Cellular Respiration Assignment
Cellular Respiration
Cellular respiration is a process made up of multiple chemical reactions, with the end goal of
breaking glucose down into ATP. The three main steps in this process are glycolysis, the Krebs cycle
and the electron transport chain. ATP is the energy molecule of the body and is essential for
chemical reactions within the body.
Glycolysis
Glycolysis is the first step in the process of cellular respiration and involves breaking down glucose, 6
carbon molecule), into two molecules of pyruvate (3 carbon molecule), in the cytoplasm of each cell.
The reactions which the product pyruvate is used for, the fates of pyruvate, depend on the
conditions. This process requires 2ATP in order to produce 4ATP, giving a net gain of 2ATP. It is made
up of 10 steps, categorised into the preparatory phase and the pay-off phase.
Preparatory Phase:
Step 1: First, D-glucose is converted into glucose-6-phosphate, catalysed by the enzyme hexokinase.

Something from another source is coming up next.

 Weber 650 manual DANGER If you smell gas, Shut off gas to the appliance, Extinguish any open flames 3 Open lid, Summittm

The phosphorylation of glucose in this reaction uses a phosphate group from an ATP molecule, so
one ATP molecule is used. There is now a net loss of 1 ATP for the reaction so far.
Figure 1: Glycolysis Step 1 (Microbiologyinfo, 2019)

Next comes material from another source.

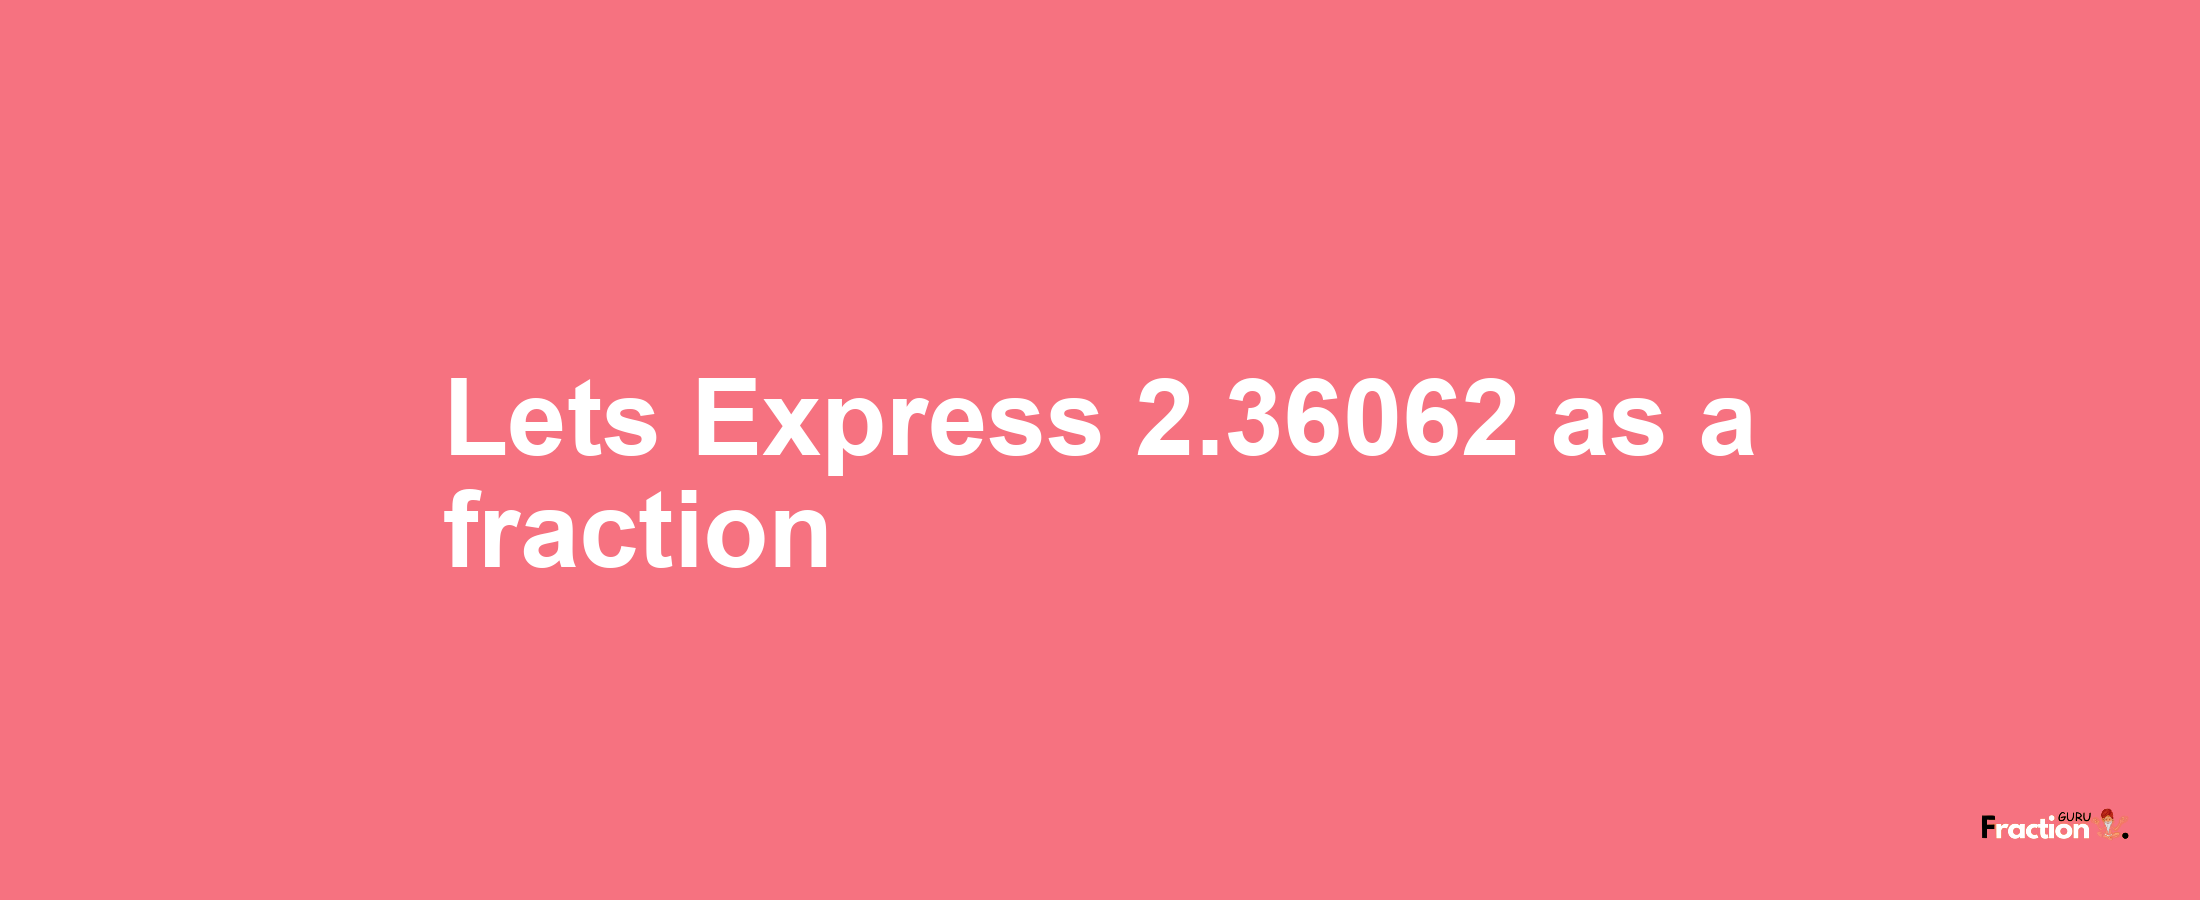 Lets Express 2.36062 as afraction

Step 2: Glucose-6-phosphate is rearranged into fructose-6-phosphate by glucose phosphate
isomerase, catalysed by the enzyme phosphoglucose isomerase. During the reaction, the glucose (6-
carbon) ring is opened and closes again to form a 5-carbon ring, fructose, with the first carbon now
outside of the ring.
Figure 2: Glycolysis Step 2 (Microbiologyinfo, 2019)
Step 3: Fructose-6-phosphate is converted into fructose-1,6-bisphosphate, using
phosphofructokinase as a catalyst. In this step, another molecule of ATP is used to provide the
second phosphate group. This means that there is now a net loss of 2 ATP.

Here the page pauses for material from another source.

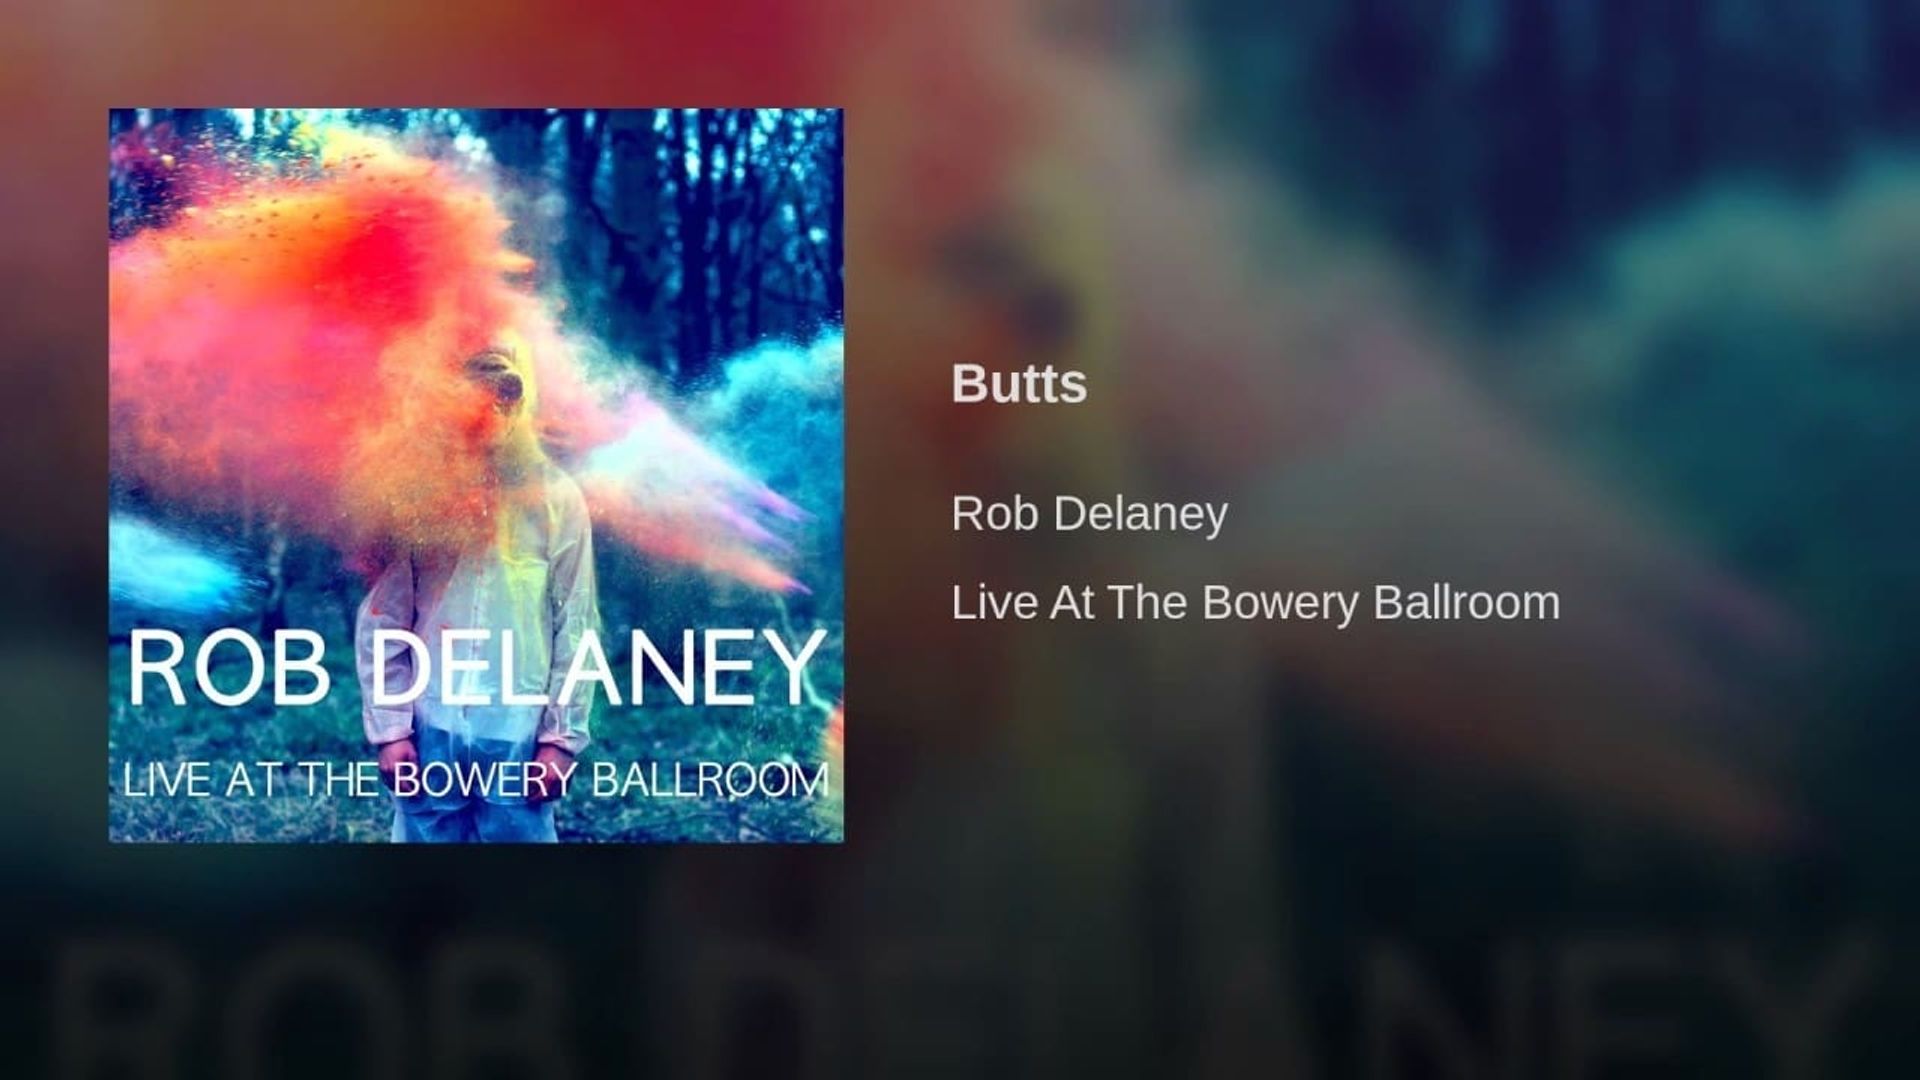 Rob Delaney Live at the Bowery Ballroom background

, Figure 3: Glycolysis Step 3 (Microbiologyinfo, 2019)
Step 4: In this step, the enzyme aldolase catalyses the reaction of fructose-1,6-bisphosphate into
two sugar molecules, dihydroxyacetone phosphate and glyceraldehyde 3-phosphate, which are
isomers of each other.
Figure 4: Glycolysis Step 4 (Microbiologyinfo, 2019)
Step 5: Dihydroxyacetone phosphate (DHAP) and glyceraldehyde 3-phosphate (GAP) are rapidly
inter-converted, using the enzyme triosephosphate isomerase as a catalyst. Only GAP is used in the
rest of the glycolysis reaction, so all DHAP molecules produced are converted into GAP by the
triosephosphate isomerase enzyme, to be used later in the process.
Figure 5: Glycolysis Step 5 (Microbiologyinfo, 2019)
Pay-Off Phase:
, Step 6: Next, the enzyme glyceraldehyde-3-phosphate dehydrogenase catalyses the phosphorylation
of glyceraldehyde 3-phosphate, to produce 1,3-bisphosphoglycerate. To do this, first GAP is oxidised
by the nicotinamide adenine dinucleotide (NAD) coenzyme and then the molecule is phosphorylated
by a free phosphate group addition.
Figure 6: Glycolysis Step 6 (Microbiologyinfo, 2019)
Step 7: A phosphate group is transferred from 1,3-bisphosphoglycerate to ADP to form ATP and 3-
phosphoglycerate, catalysed by phosoglycerate kinase, and 1,3-bisphosphoglycerate is converted to
3-phosphoglycerate. There are two molecules of 1,3-bisphosphoglycerate which are converted
during this step, each producing one molecule of ATP, so there are two molecules of ATP produced
in total. This means that the overall reaction now has a net zero of ATP molecules.
Figure 7: Glycolysis Step 7 (Microbiologyinfo, 2019)
Step 8: In the next step, a phosphate group from 3-phosphoglycerate is relocated from the third
carbon to the second carbon, forming 2-phosphoglycerate, using the enzyme phosphoglycero
mutase.
Figure 8: Glycolysis Step 8 (Microbiologyinfo, 2019)
Step 9: The enzyme enolase catalyses the dehydration of 2-phosphoglycerate to from
phosphoenolpyruvic acid (PEP), removing one water molecule.